What If the Job Fails 2nd Time?
- If the run time of the job was < 10 min => the job is deferred at the end of the phase and another job is assigned to that Worker.
- if the run time of the job was >= 10 min => then the job status will be shown as “Failed”.
What If the job fails 3nd time?
If the Job fail third time the job status will be shown as “Failed”.
Review the Worker log information into
Example: adwork001.log name for the worker number 1.
After fixing error, start (if is not already started) AD Controller and to use the option 2 “Tell worker to restart a failed job”.
When prompted we have to specify the worker which must be restarted.
If all the workers are failed, we can type all to restart all Workers.

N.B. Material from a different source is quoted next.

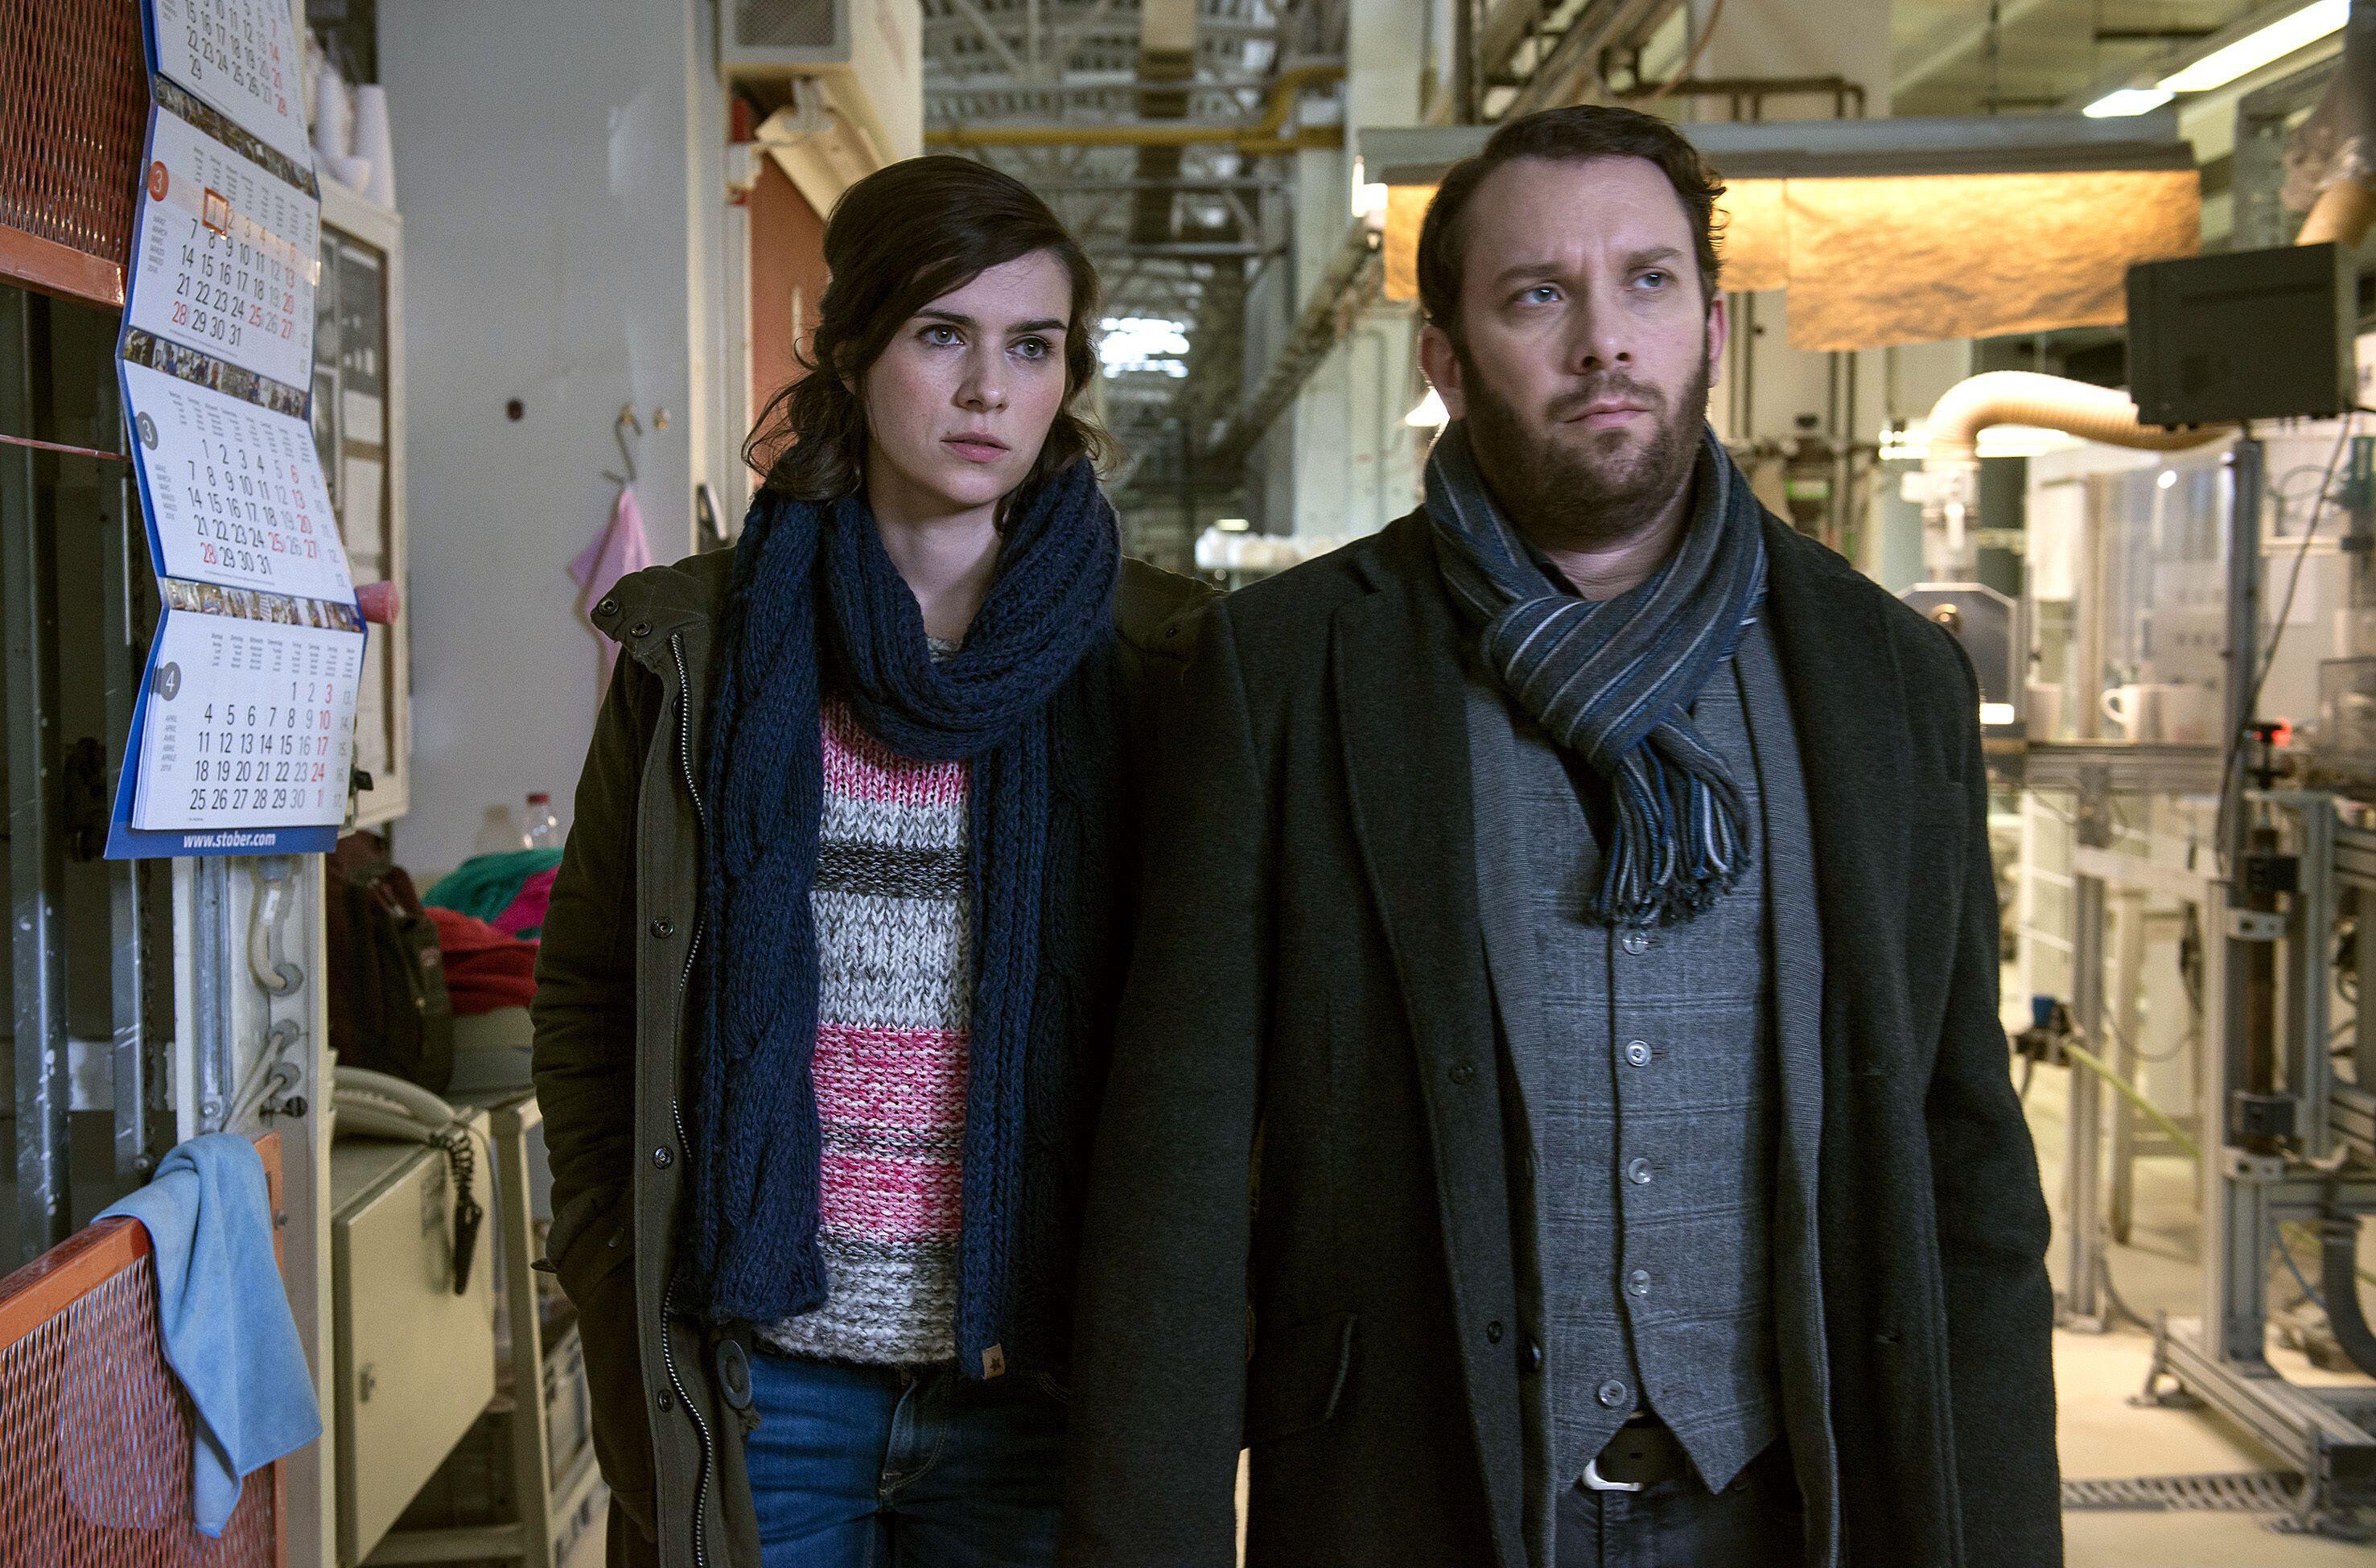 Bild zu Tatort, Nora Tschirner, Christian Ulmen

Restarting a Failed Patch Process
During a patch process (or adadmin process) if a job fails and cannot be restarted, then the patch must be restarted.
Here are the steps for doing this:
- Tell worker to quit (for all workers) => to manually shutdown/ quit the workers
- Tell manager that a worker failed its job
- Tell manager that a worker acknowledges quit => the manager will stop, the AutoPatch will restart the patch
PLEASE NOTE: When the patch will restart all the information in the database about this session must be accurate.
How to determine if a process is Hanging or not
- We can check the log file to see if some information is added or not to the log
- We can determine if the worker process is consuming CPU by issuing below
$ ps -eo pcpu,pid,user,args | grep workerid
3.We check if there are any child processes, which are consuming CPU by issuing following command:
$ ps -eo pcpu,pid,ppid,user,args | grep <Parent Process> | grep -v grep
Restarting a Hanging Worker Process
1. kill at the OS level the processes associated with the Hanging Worker
$ kill -9 ProcesssNumber
2. fix the problem
3. Restart the worker (or the job)
Restart an AD utility after a Node Crash
a. Start AD Controller
b. Choose “4. Tell manager that a worker failed its job“
c. Choose “2. Tell worker to restart a failed job“
d. Restart the AD utility that was running when the node
Shutting down the Manager
1. Start AD Controller
2. Choose “3. Tell worker to quit“
3. Verify that no worker processes are running